Jurnal Indonesia — Kementerian Komunikasi dan Digital (Komdigi) mengungkap peningkatan aktivitas promosi taruhan bola yang memanfaatkan momentum Piala Dunia 2026 melalui siaran ulang pertandingan secara ilegal.
Direktur Jenderal Pengawasan Ruang Digital Komdigi, Alexander Sabar, menjelaskan modus yang paling sering ditemui adalah broadcasting ilegal yang menyisipkan tautan menuju situs judi online.
“Tim kami selalu melakukan patroli terhadap situs-situs yang melakukan penyiaran ulang atau broadcasting. Rata-rata merupakan broadcasting ilegal dan biasanya mereka menyertakan tautan menuju situs judi online,” kata Alexander di Jakarta, Senin (29/6/2026).
Menurut Alexander, setiap temuan langsung ditindaklanjuti dengan pengumpulan data digital sebelum dilakukan pemutusan akses terhadap situs yang melanggar.
“Setiap hari kami melakukan patroli, mengumpulkan data dari broadcasting ilegal tersebut, kemudian kami tindak lanjuti dengan pemutusan akses,” ujarnya.
Selain pemblokiran, Komdigi menelusuri aliran transaksi yang terkait perjudian. Dalam beberapa kasus, petugas menemukan nomor rekening bank, kode QRIS, hingga dompet digital yang dipakai sebagai sarana transaksi.
“Ketika kami menemukan nomor rekening perbankan, QRIS maupun e-wallet yang digunakan, kami segera berkoordinasi dengan PPATK dan OJK agar rekening-rekening tersebut dapat ditutup,” ujar Alexander.
Komdigi juga menyebut terus berkoordinasi dengan Kepolisian Negara Republik Indonesia untuk memperkuat penegakan hukum terhadap jaringan judi online yang memanfaatkan perhelatan olahraga internasional.
Terkait besaran temuan selama periode 1–28 Juni 2026, Alexander menyatakan data soal taruhan bola menjadi bagian dari total penanganan konten judi online oleh Komdigi.
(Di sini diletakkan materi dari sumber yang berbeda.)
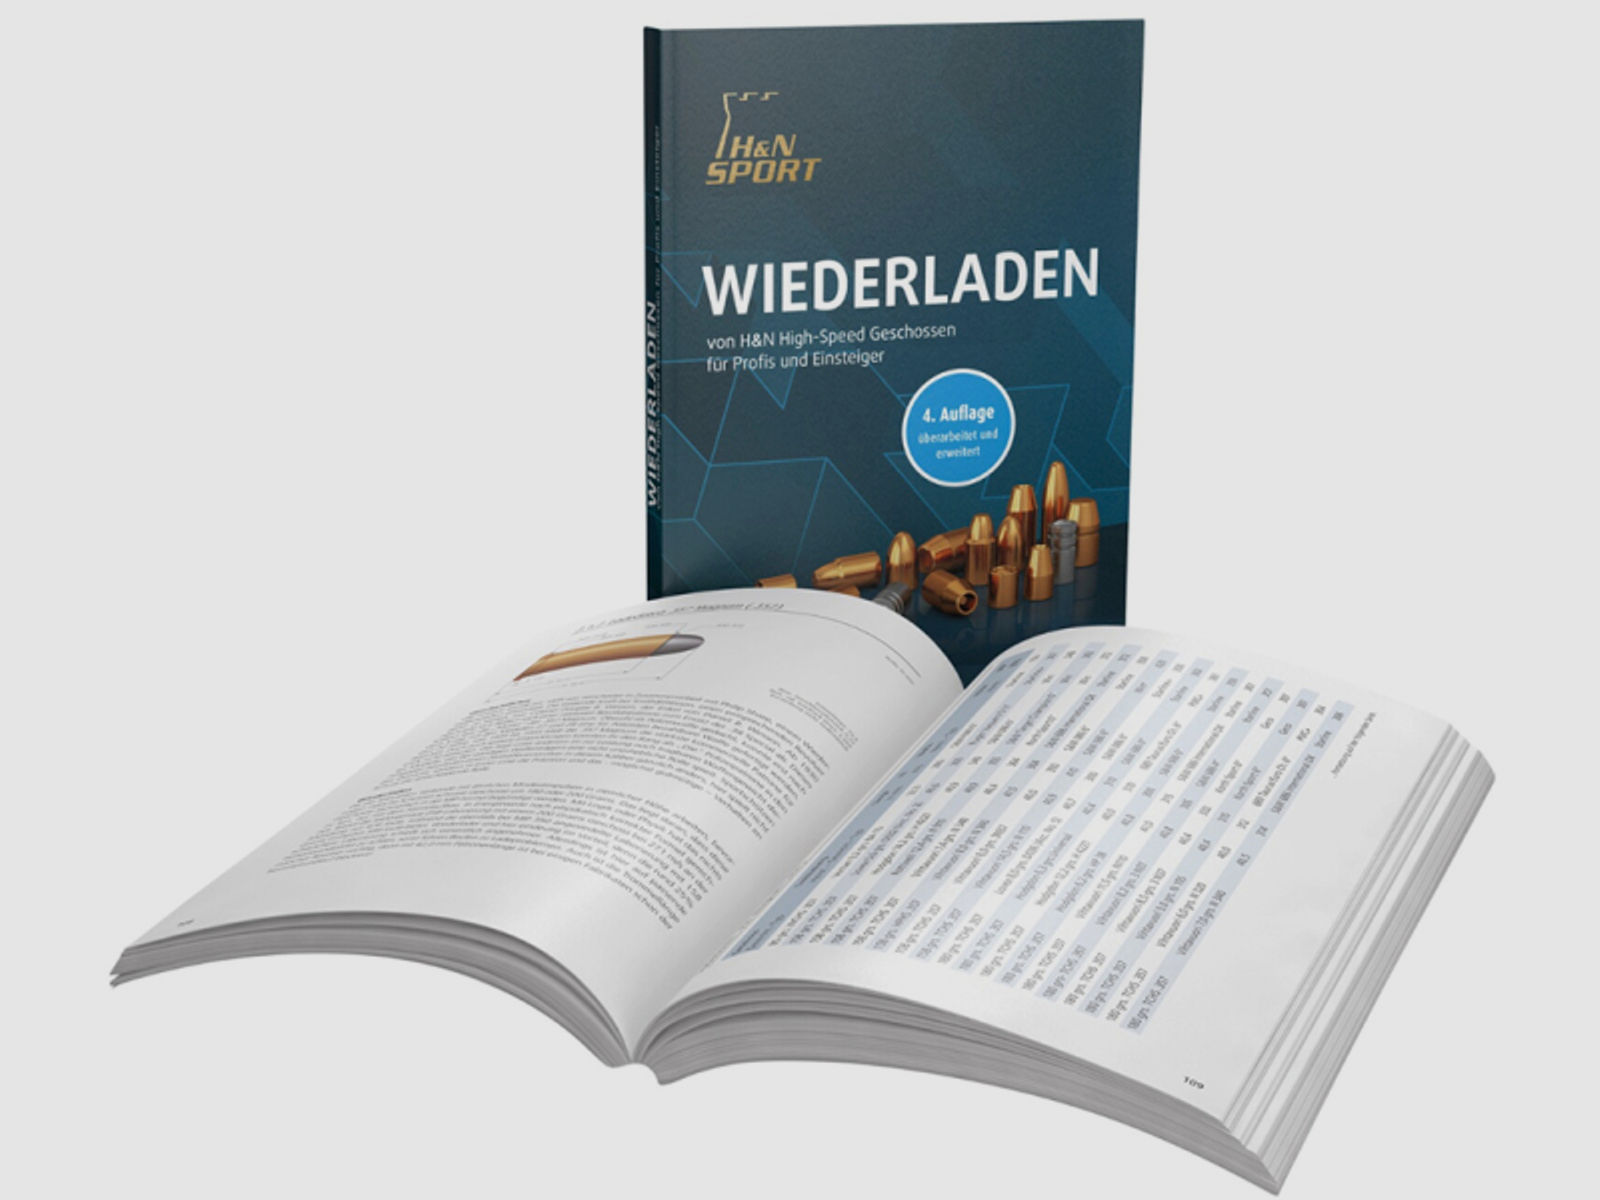 H&N Wiederladebuch für Profis & Einsteiger | Ladedatenbuch 4. Auflage | Haendler&Natermann NEU OVP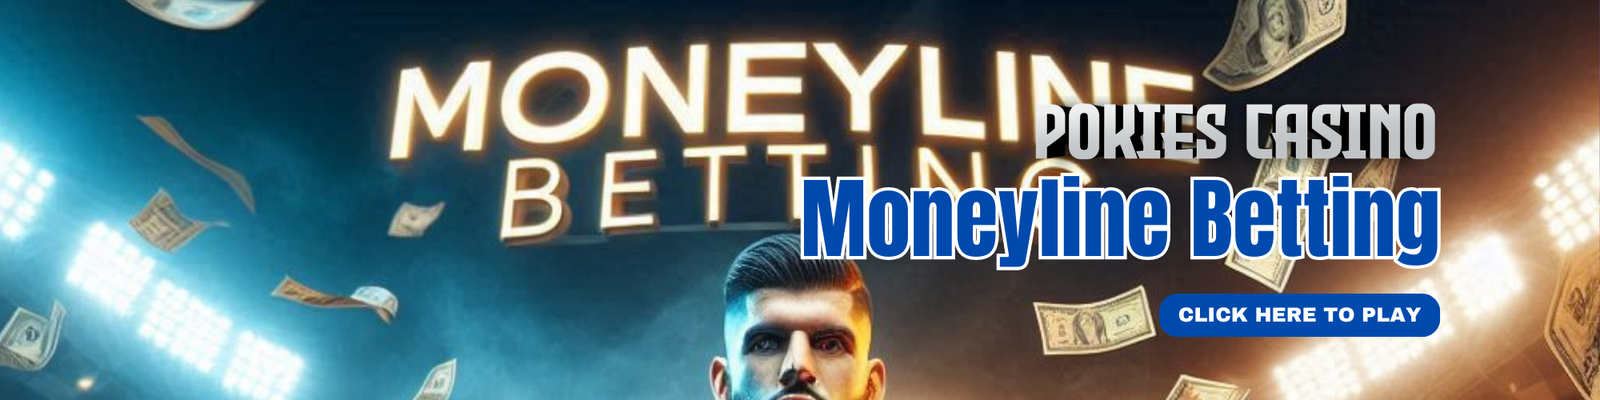 Moneyline Betting in PokiesCasino

Selama periode tersebut, Komdigi menangani 126.180 konten yang berkaitan dengan judi online, baik yang berada di situs web maupun platform media sosial.
“Kalau yang terkait Piala Dunia, modusnya memang banyak kami temukan melalui situs-situs broadcasting ilegal. Dari sana, pengguna kemudian diarahkan atau di-link menuju situs judi online,” jelas Alexander.
Alexander mengimbau masyarakat agar tidak mengakses situs penyiaran pertandingan yang tidak memiliki hak siar resmi karena berpotensi menjadi pintu masuk promosi maupun aktivitas perjudian online.